Besides, Ferg-id has opened up a whole new line of jokes!  I've spent most of the day rambling on about the battle between Ferg-id and Clan Blair (that's me since I'm Scottish)...the big bad meningioma attacking the little (ok, big) Highland girl inside her protective fortress (that being my head)!   Ferg-id may be winning this battle, but he won't win the war!  You don't mess with a Scottish lass!
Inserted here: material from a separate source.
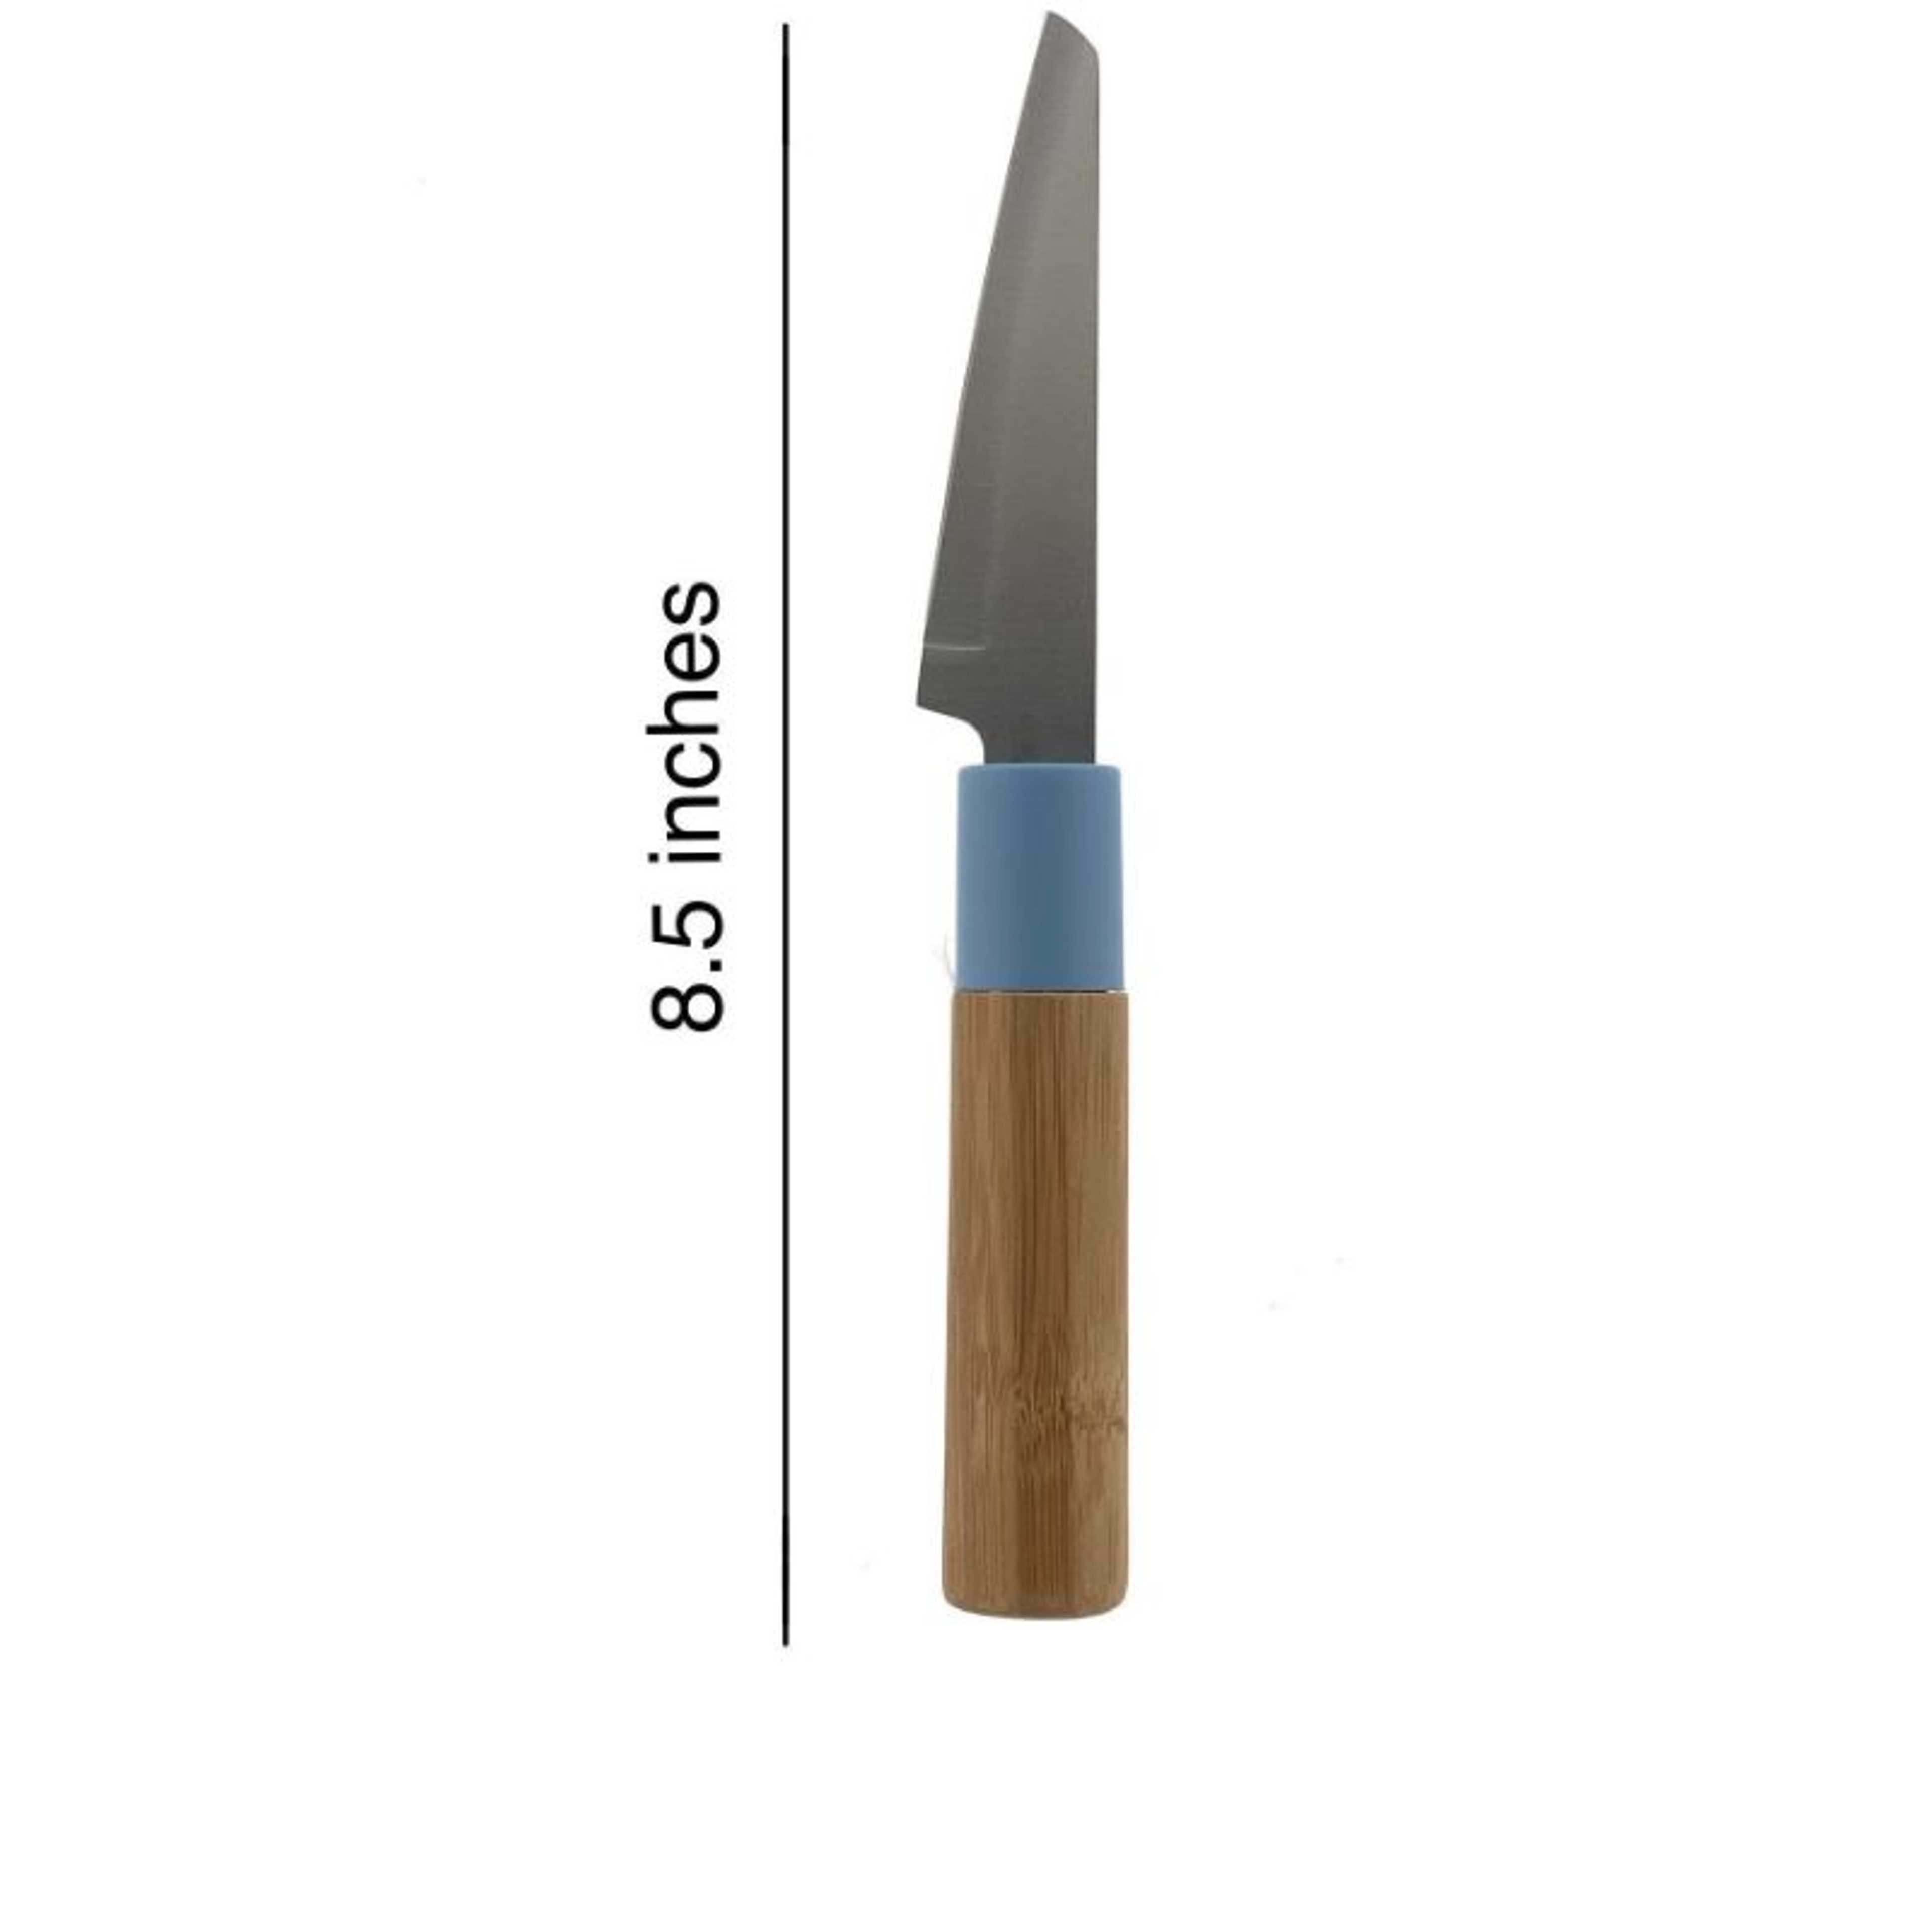 J&T Stainless Steel Paring Knife (SK-1438)

On the med front, wow, are the new ones scary!  People have gone to rehab for less than what I'm carrying in my purse!  I'm scared to take them!  I don't see the point in medicating me to the point of near death, while I still sit around waiting for the next headache (which is just around the corner), constantly have a completely numb face and mouth, periodically loose vision in my left eye, and now I'm starting to loose feeling in my limbs during headaches, when all could be fixed with just some quick sword-play by a surgeon!  I absolutely REFUSE to get the point where I'm having seizures before they do anything!  There are few things in life I'm scared of medical wise, seizures are one of them!  I spend most of my time alone which is bad for seizure sufferers and, although I'm not scared of dying, I don't want to be found like that (of course I would be worried about how I would look to the cute paramedics carrying me off to the morgue, after that point I'm not too worried, since I'm in the pathology business, it's all family from there...but then again, the real Ferg and Id will get their peek-a-boo's in...hmm, nope, not too thrilled about that either).

On a good note though (there is one?), T is taking me out this weekend for dinner and shopping (to buy a certain Brit an American care package that I've been promising!), so maybe Ferg-id will not puff up this weekend and ruin things like he has been lately!

DOWN WITH THE FERG-ID!  LONG LIVE CLAN BLAIR!